*What is needed*. From start to end, write out the following data exactly, apart from its images.

*Given records*.
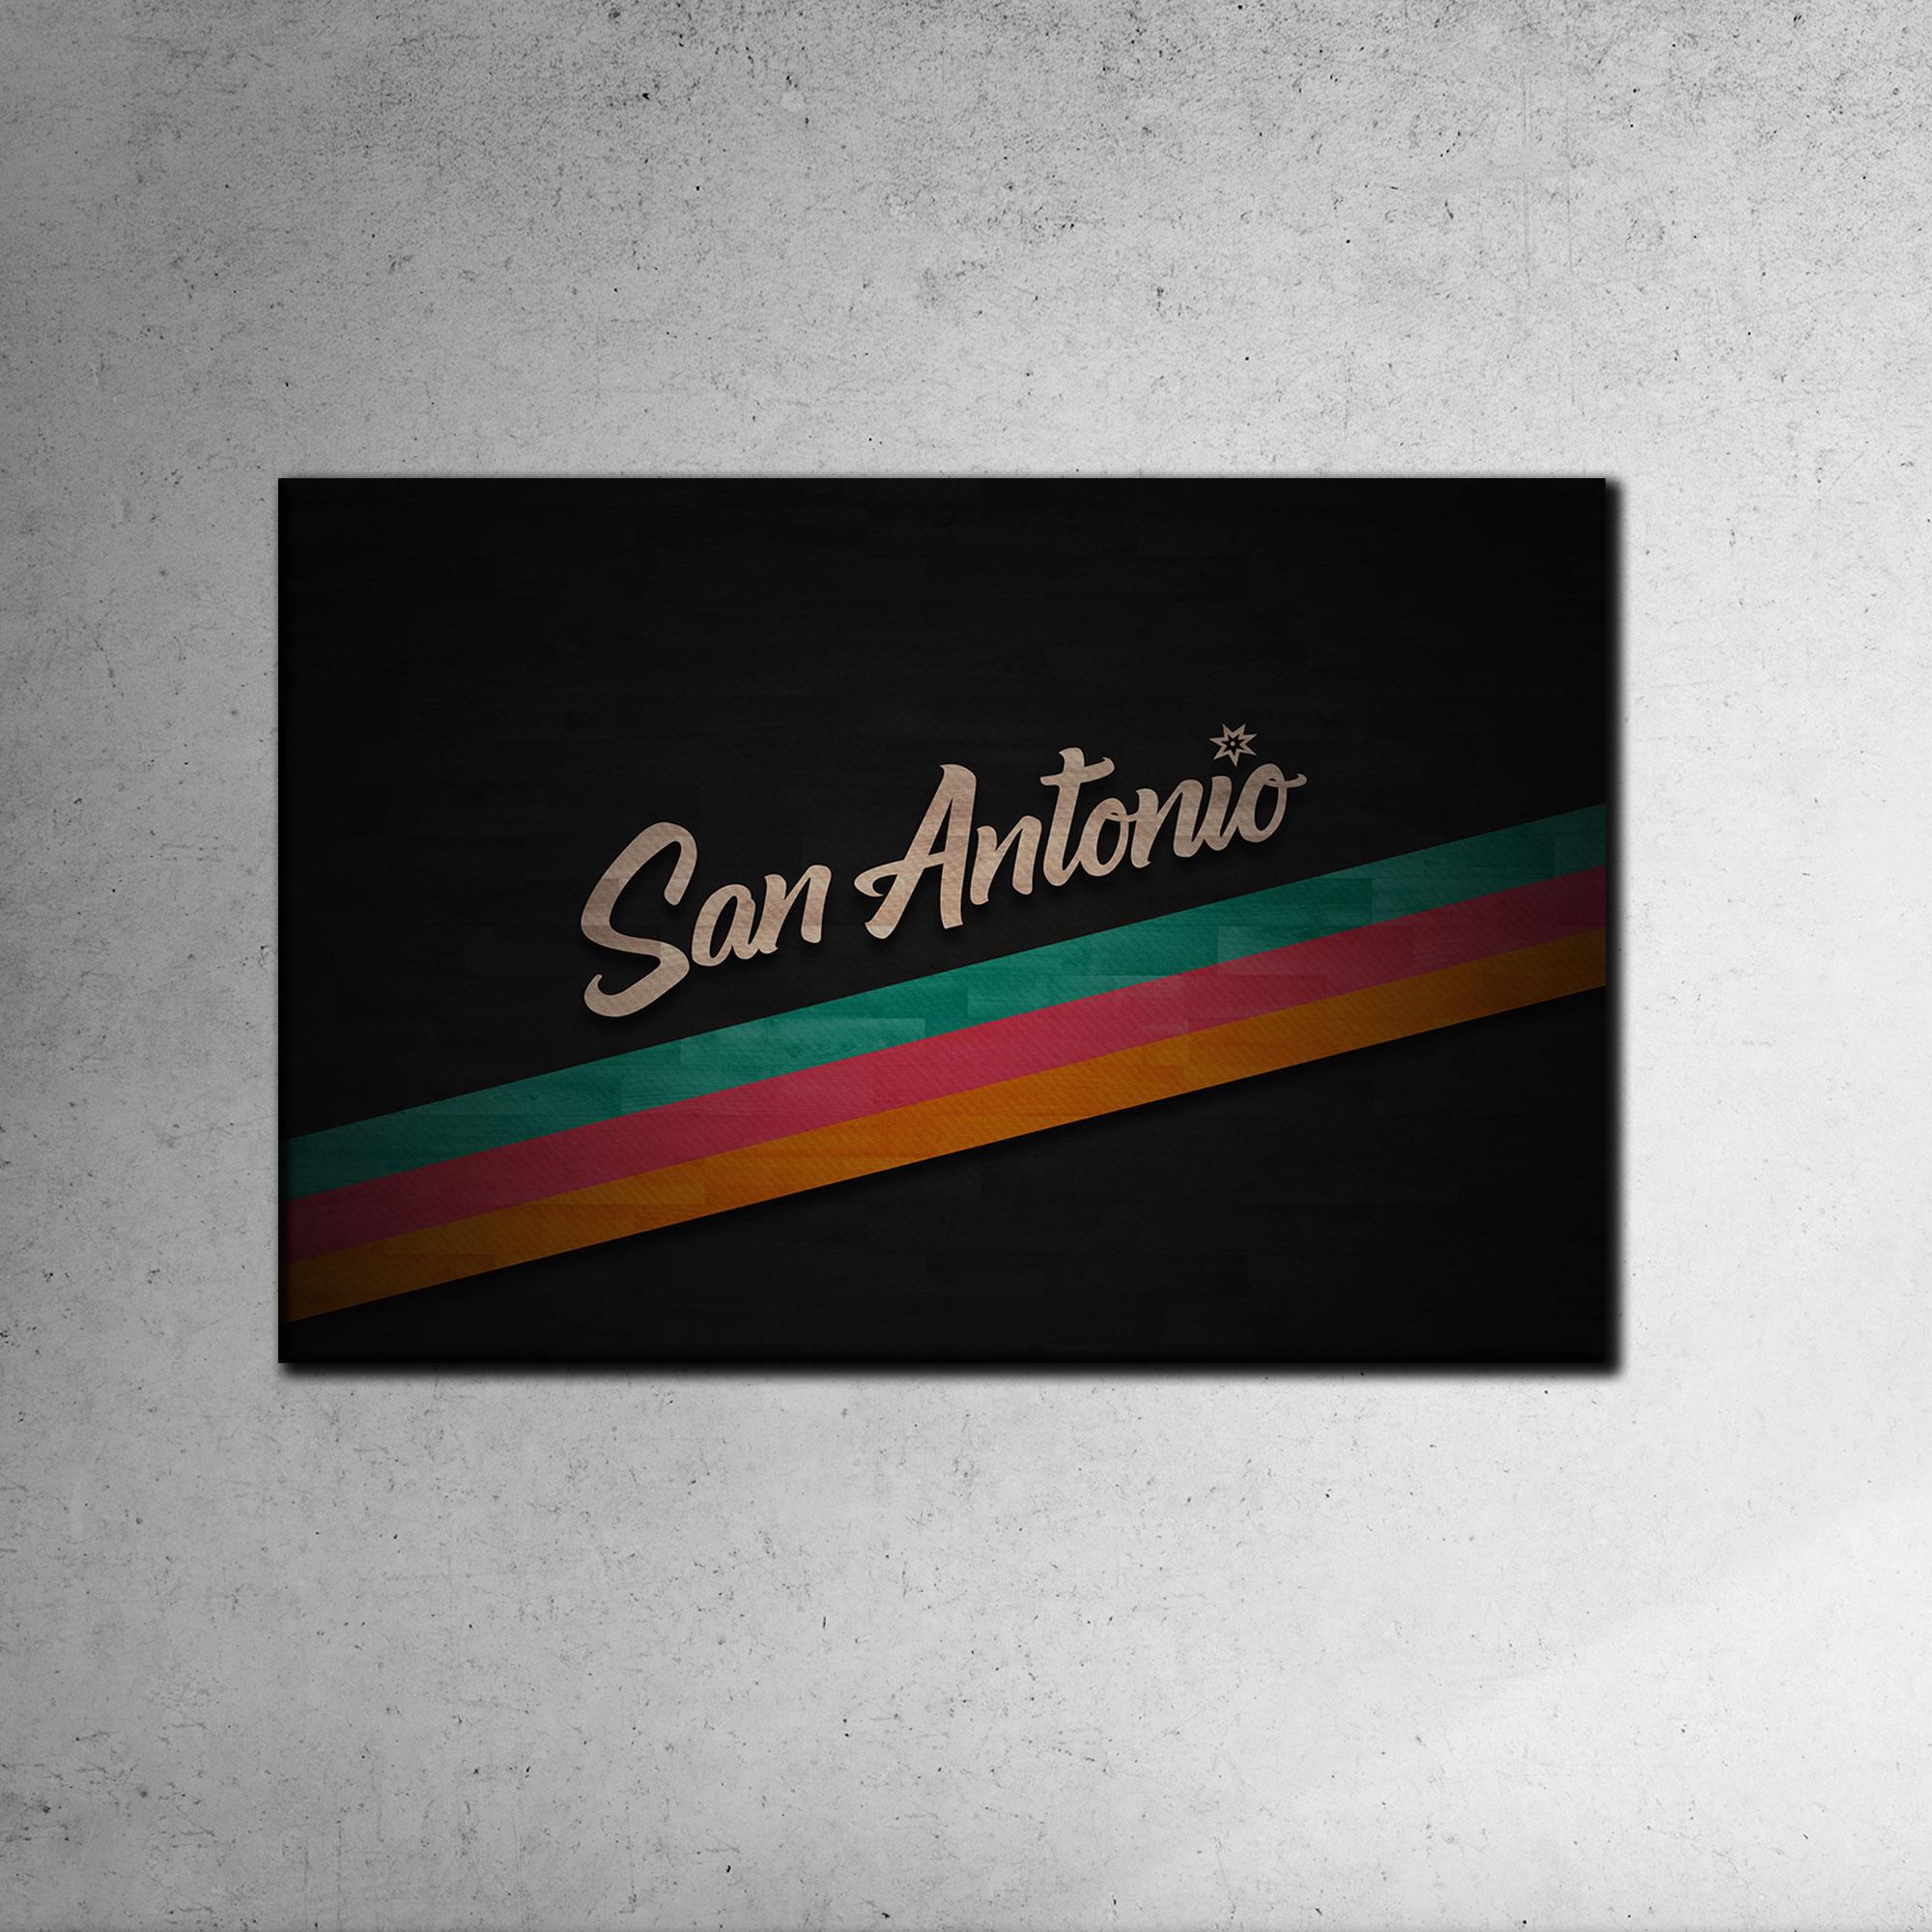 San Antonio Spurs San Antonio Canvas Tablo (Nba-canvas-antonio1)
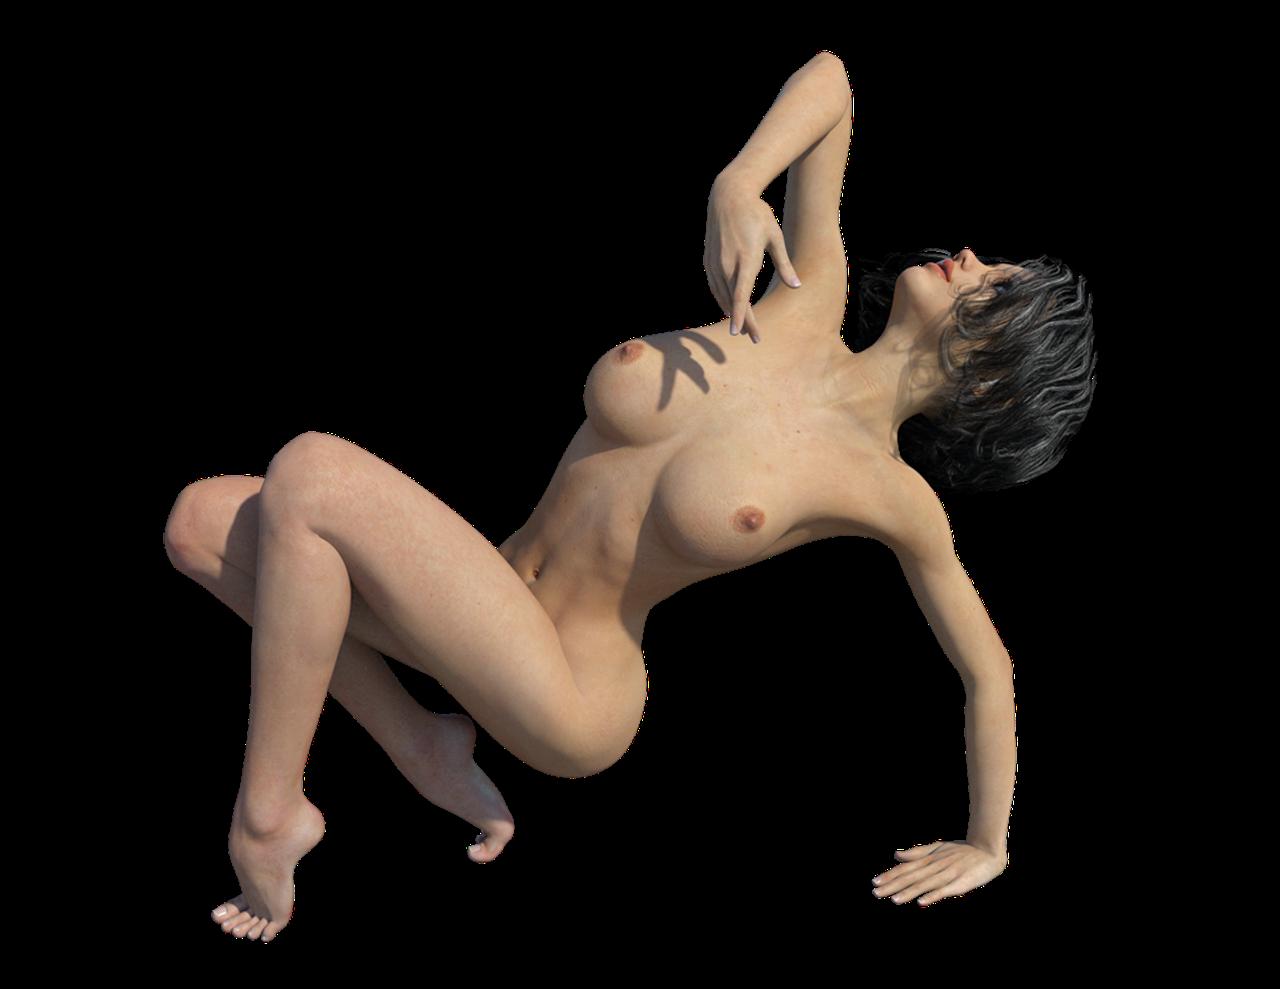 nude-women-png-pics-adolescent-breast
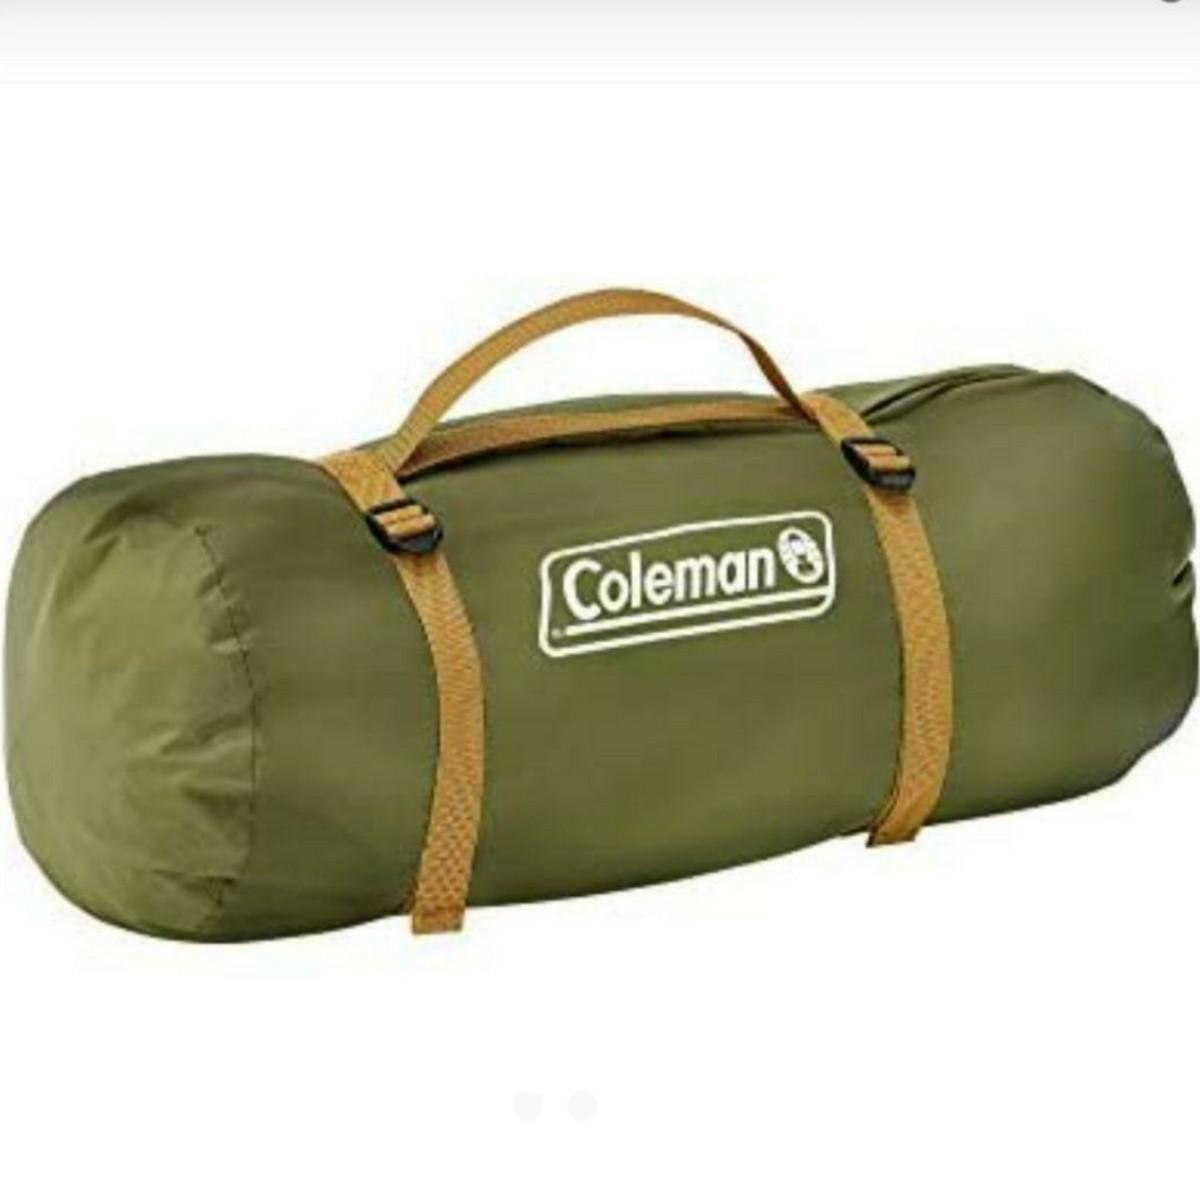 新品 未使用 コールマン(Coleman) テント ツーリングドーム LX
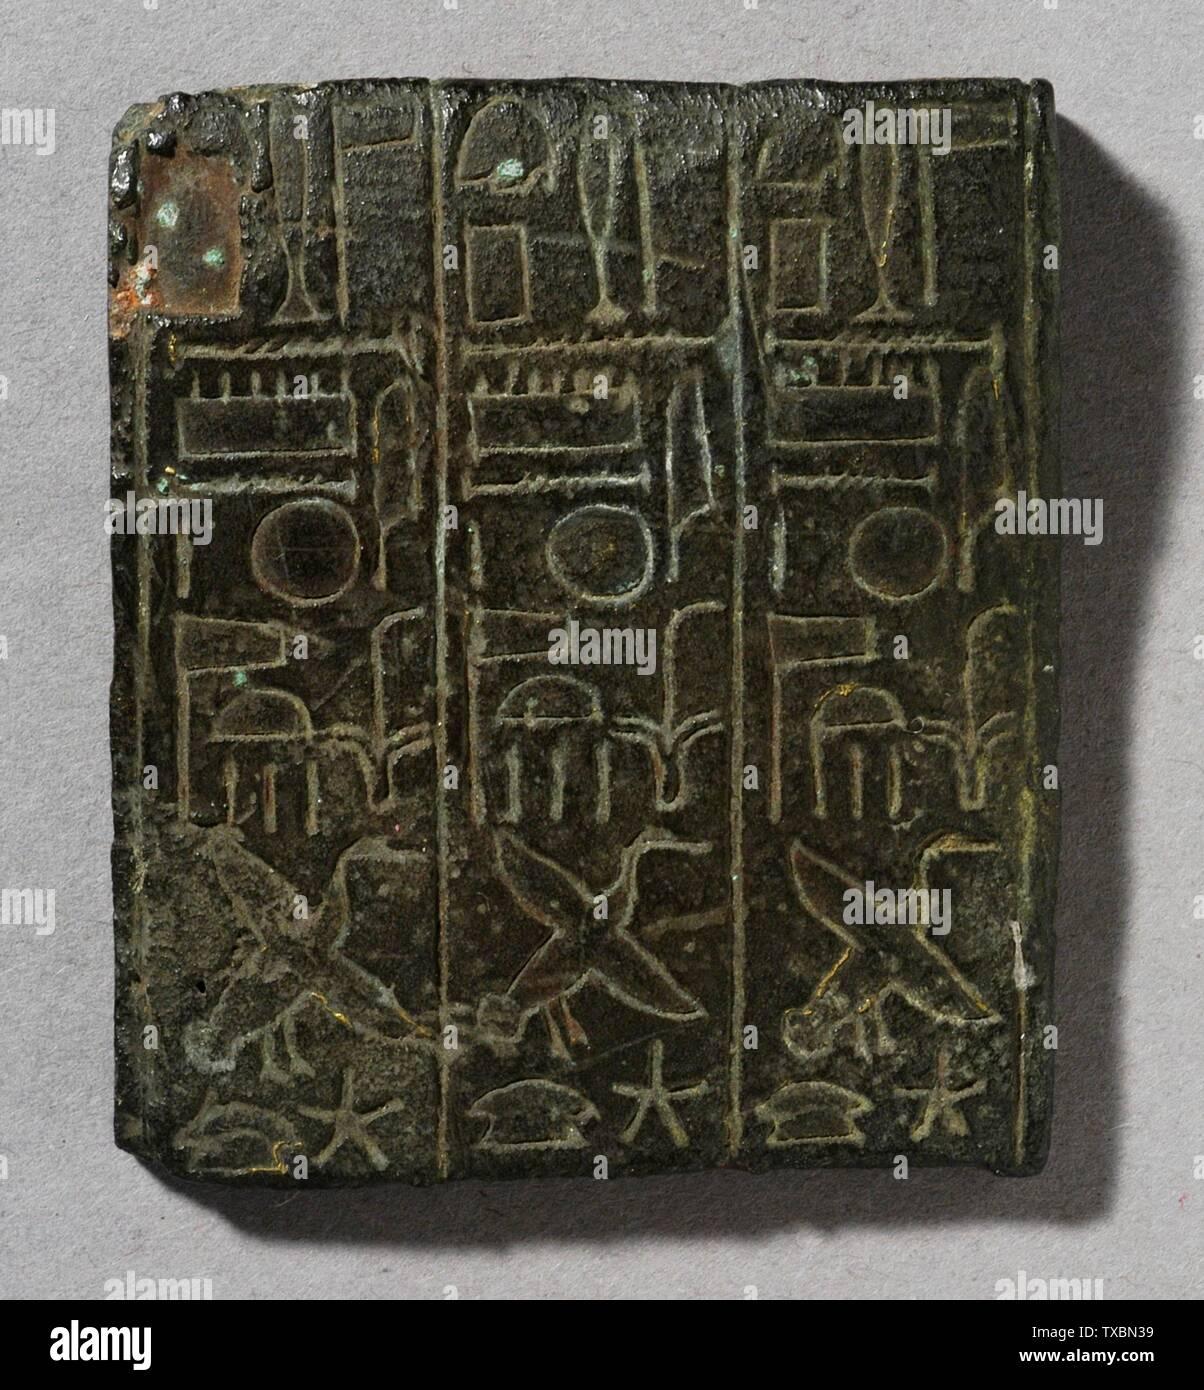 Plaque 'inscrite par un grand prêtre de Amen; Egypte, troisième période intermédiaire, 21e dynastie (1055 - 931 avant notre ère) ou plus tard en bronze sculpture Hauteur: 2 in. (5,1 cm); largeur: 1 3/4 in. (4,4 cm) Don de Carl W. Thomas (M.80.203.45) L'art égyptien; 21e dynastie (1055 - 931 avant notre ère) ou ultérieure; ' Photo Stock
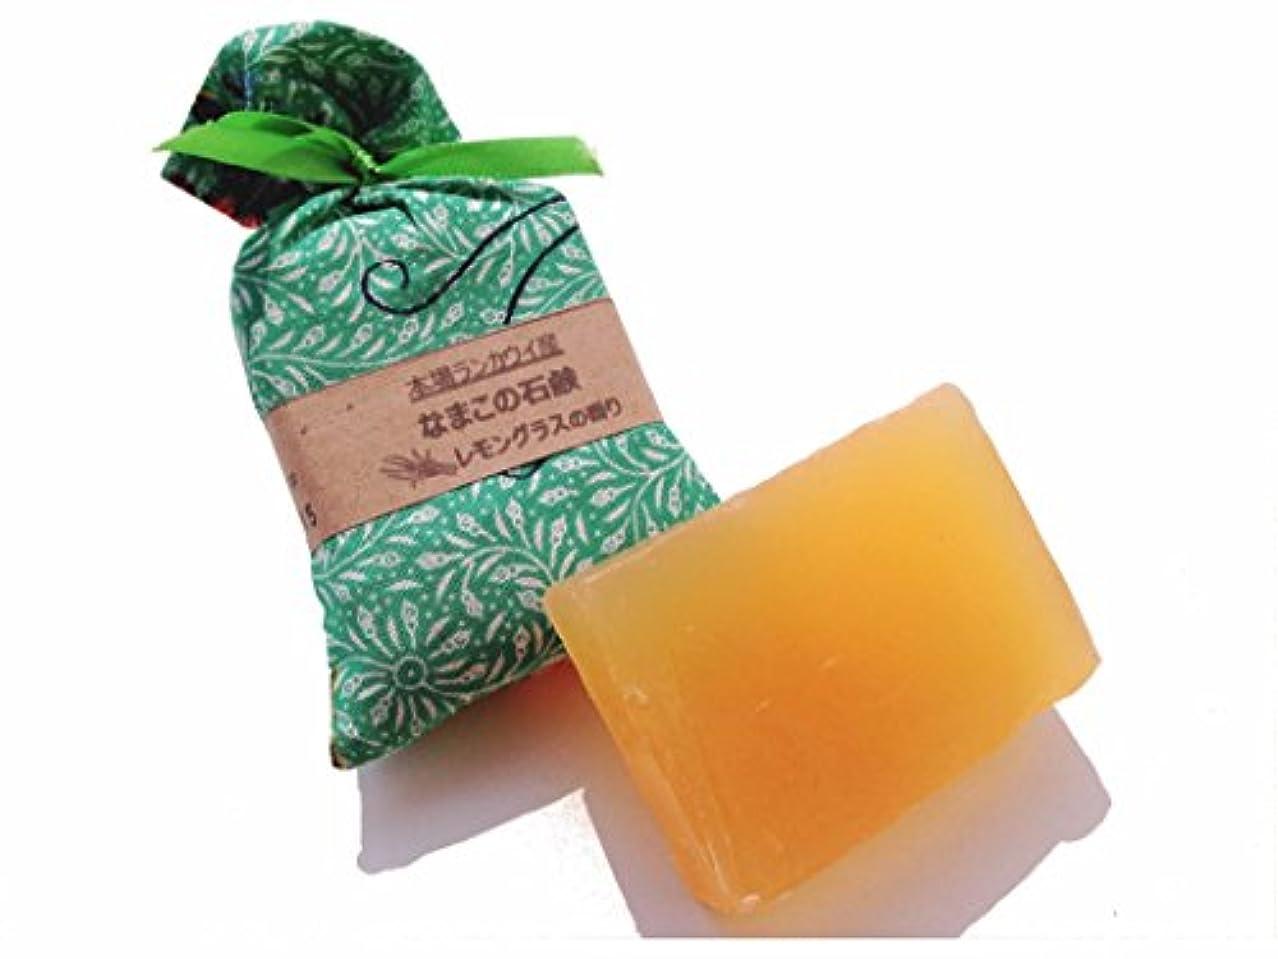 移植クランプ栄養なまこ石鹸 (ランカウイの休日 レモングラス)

*Written solution*.
 San Antonio Spurs San Antonio Canvas Tablo (Nba-canvas-antonio1)
 nude-women-png-pics-adolescent-breast
 新品 未使用 コールマン(Coleman) テント ツーリングドーム LX
 Plaque 'inscrite par un grand prêtre de Amen; Egypte, troisième période intermédiaire, 21e dynastie (1055 - 931 avant notre ère) ou plus tard en bronze sculpture Hauteur: 2 in. (5,1 cm); largeur: 1 3/4 in. (4,4 cm) Don de Carl W. Thomas (M.80.203.45) L'art égyptien; 21e dynastie (1055 - 931 avant notre ère) ou ultérieure; ' Photo Stock
 移植クランプ栄養なまこ石鹸 (ランカウイの休日 レモングラス)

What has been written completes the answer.